Re: [PATCH] perf: use standard syscall tracepoint structs for augmentation

From: Namhyung Kim
Date: Fri Aug 08 2025 - 18:22:06 EST


On Thu, Aug 07, 2025 at 05:16:07PM -0300, Arnaldo Carvalho de Melo wrote:
> On Wed, Aug 06, 2025 at 04:07:32PM -0700, Namhyung Kim wrote:
> > Hello,
> >
> > On Wed, Aug 06, 2025 at 03:00:17PM +0200, Jakub Brnak wrote:
> > > Replace custom syscall structs with the standard trace_event_raw_sys_enter
> > > and trace_event_raw_sys_exit from vmlinux.h.
> > > This fixes a data structure misalignment issue discovered on RHEL-9, which
> > > prevented BPF programs from correctly accessing syscall arguments.
> >
> > Can you explain what the alignment issue was?

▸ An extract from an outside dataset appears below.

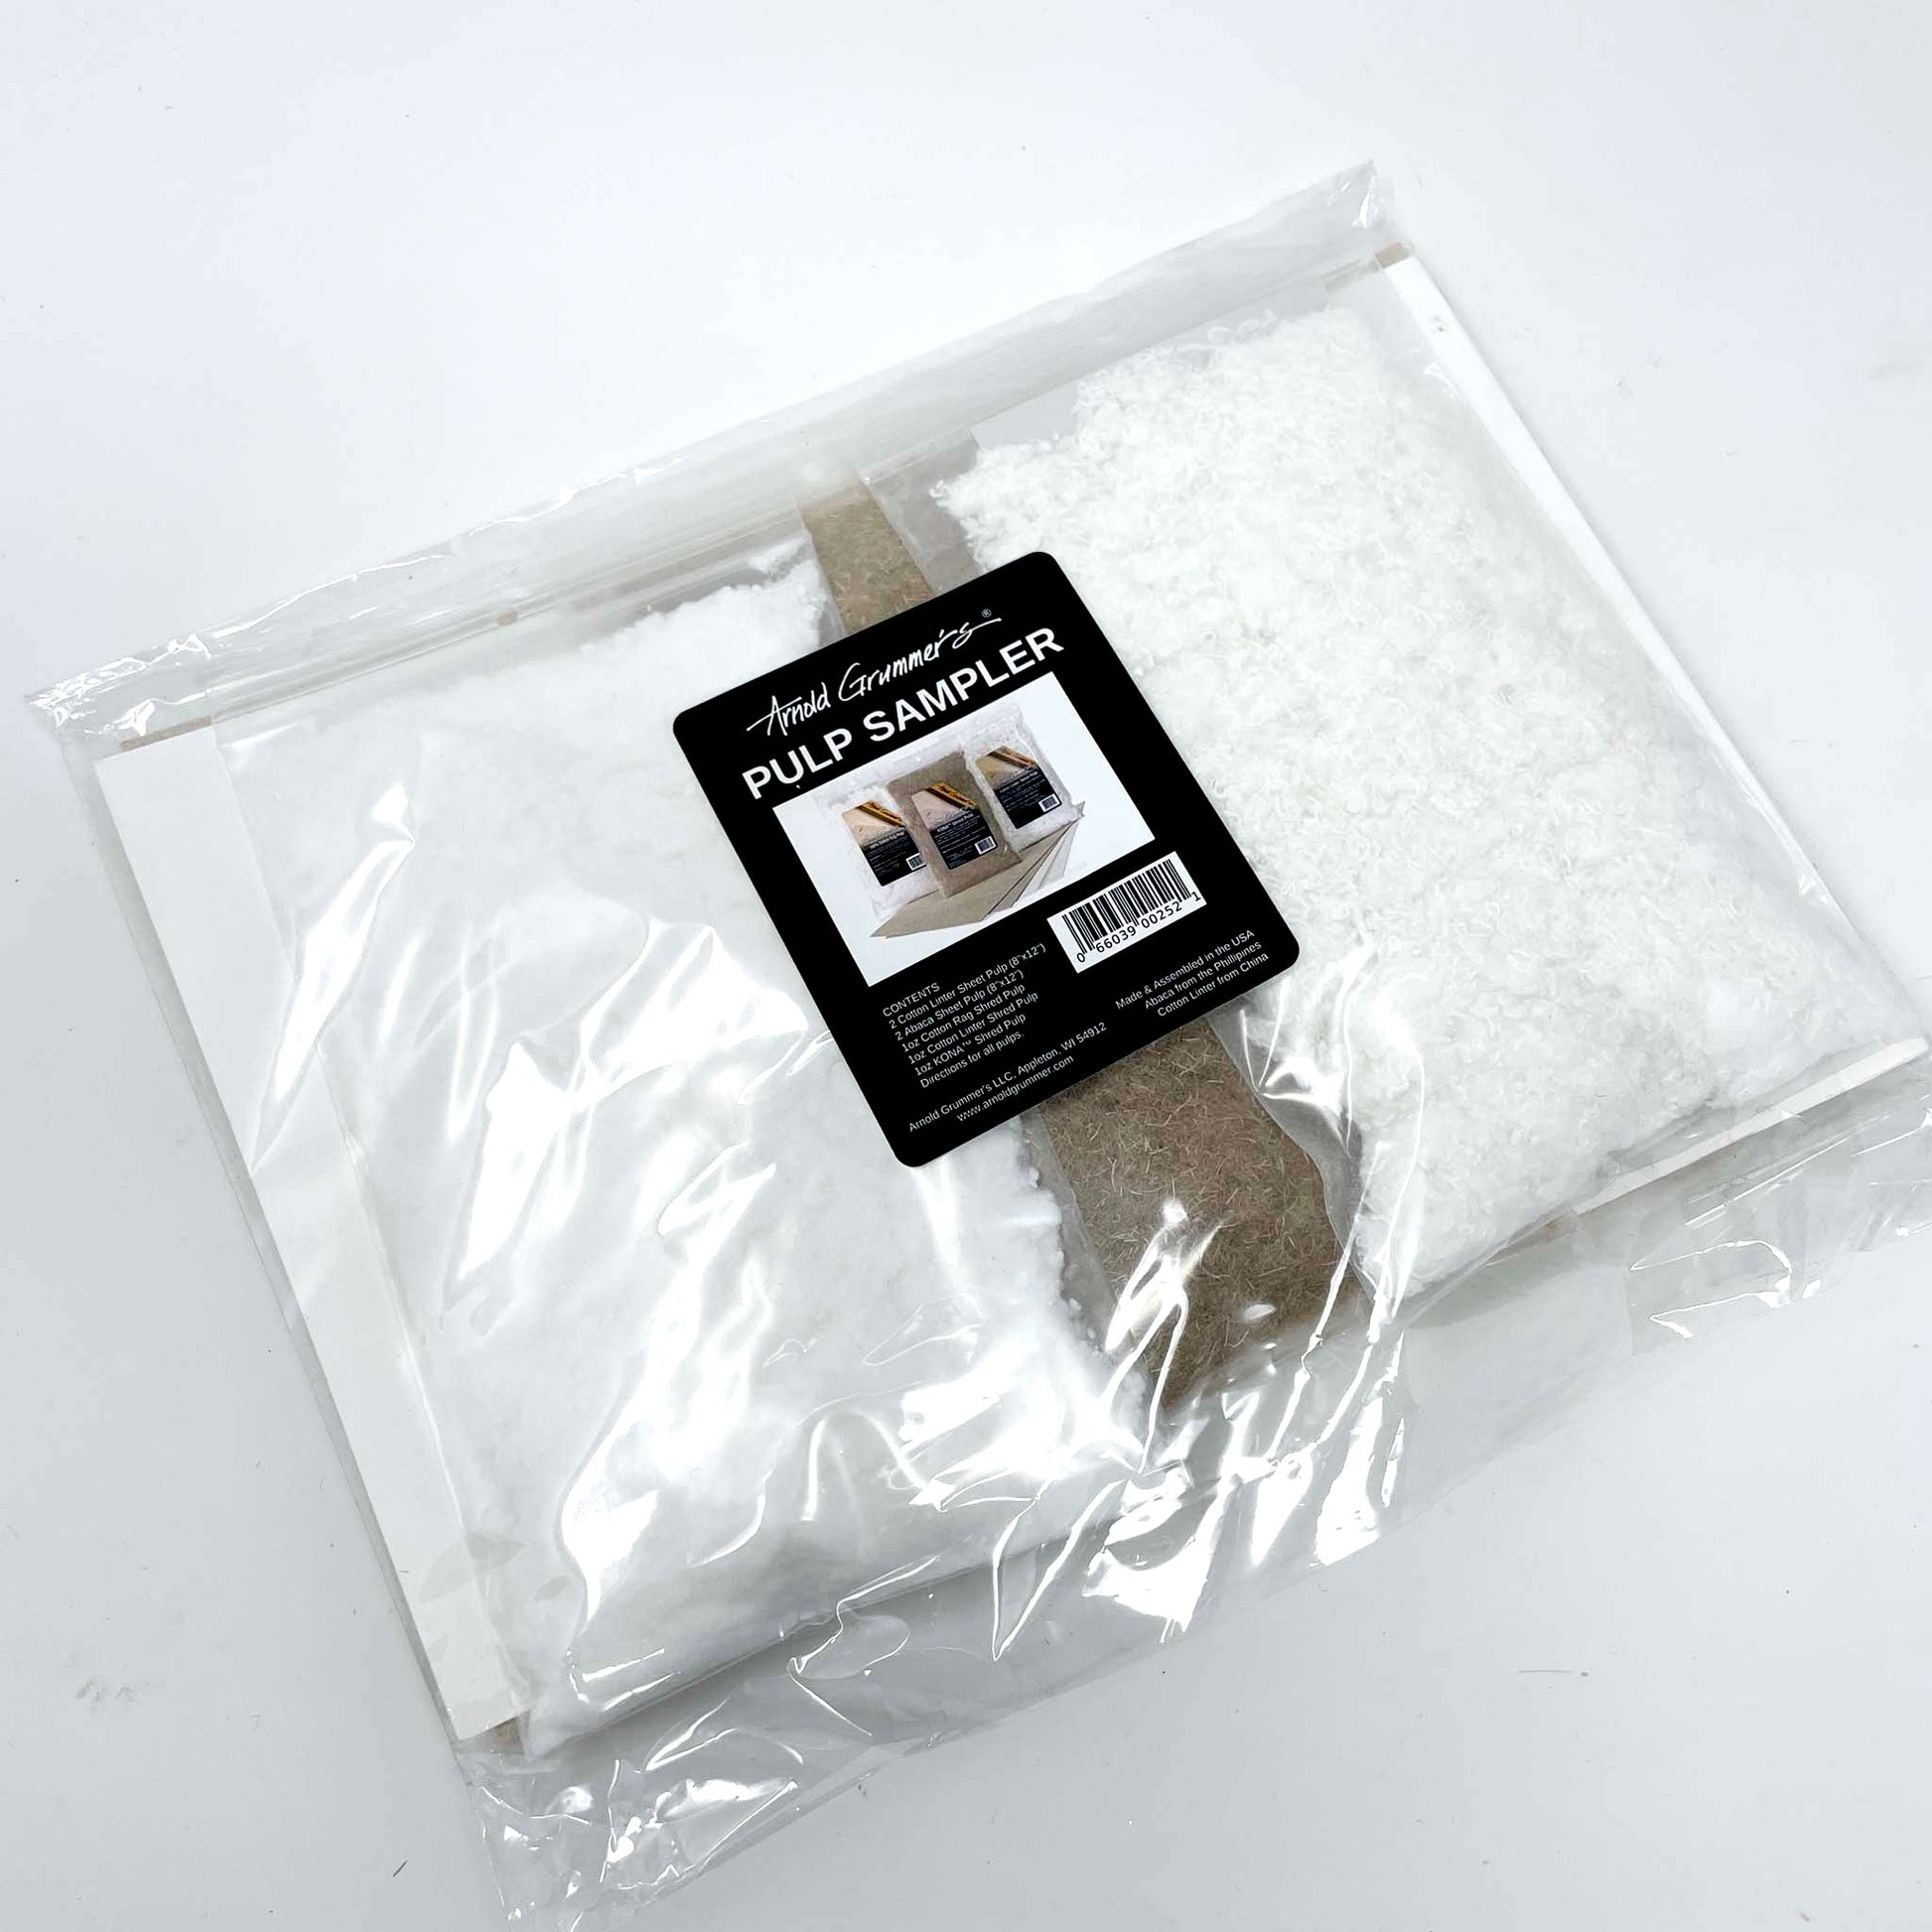 100% white cotton rag pulp

It's not clear to me what
> > makes it misaligned.
>
> Yeah, mentioning a "misalignment" and then not spelling it out precisely
> doesn't help.
>
> Showing the pahole output of the expected structure layout in both
> kernels and what was being used would help us to understand the problem.
>
> For instance, here I have:
>
> acme@x1:~/git/bpf-next$ uname -r
> 6.15.5-200.fc42.x86_64
> acme@x1:~/git/bpf-next$ pahole -E trace_event_raw_sys_enter
> struct trace_event_raw_sys_enter {
> struct trace_entry {
> short unsigned int type; /* 0 2 */
> unsigned char flags; /* 2 1 */
> unsigned char preempt_count; /* 3 1 */
> int pid; /* 4 4 */
> } ent; /* 0 8 */
> long int id; /* 8 8 */
> long unsigned int args[6]; /* 16 48 */
> /* --- cacheline 1 boundary (64 bytes) --- */
> char __data[]; /* 64 0 */
>
> /* size: 64, cachelines: 1, members: 4 */
> };
>
> acme@x1:~/git/bpf-next$
>
> And:
>
> ⬢ [acme@toolbx linux]$ pahole -C syscall_enter_args /tmp/build/linux/util/bpf_skel/.tmp/augmented_raw_syscalls.bpf.o
> struct syscall_enter_args {
> unsigned long long common_tp_fields; /* 0 8 */
> long syscall_nr; /* 8 8 */
> unsigned long args[6]; /* 16 48 */
>
> /* size: 64, cachelines: 1, members: 3 */
> };
>
> ⬢ [acme@toolbx linux]$
>
> So yes, it is "aligned", the 'id' is the 'syscall_nr' and both are at
> offset 8, then we have the syscall args starting at offset 16 in both
> cases.
>
> The layout for rhel9 then we see the issue, the id, syscall_nr, is at
> offset 16, there is the misalignment:
>
> sh-5.1# pahole -E -C trace_event_raw_sys_enter /usr/lib/debug/lib/modules/5.14.0-570.32.1.el9_6.x86_64/vmlinux
> struct trace_event_raw_sys_enter {
> struct trace_entry {
> short unsigned int type; /* 0 2 */
> unsigned char flags; /* 2 1 */
> unsigned char preempt_count; /* 3 1 */
> int pid; /* 4 4 */
> unsigned char preempt_lazy_count; /* 8 1 */

Oh.. RHEL9 has this new field.


> } ent; /* 0 12 */
>
> /* XXX last struct has 3 bytes of padding */
> /* XXX 4 bytes hole, try to pack */
>
> long int id; /* 16 8 */
> long unsigned int args[6]; /* 24 48 */
> /* --- cacheline 1 boundary (64 bytes) was 8 bytes ago --- */
> char __data[]; /* 72 0 */
>
> /* size: 72, cachelines: 2, members: 4 */
> /* sum members: 68, holes: 1, sum holes: 4 */
> /* paddings: 1, sum paddings: 3 */
> /* last cacheline: 8 bytes */
> };
>
> sh-5.1#
>
> So if we always use 'struct trace_event_raw_sys_enter' from the
> vmlinux.h generated from the BTF info and have it all as CO-RE enabled
> (preserving the access index of fields, etc) it will work on any kernel
> you install on machine.

Agreed, thanks.
Namhyung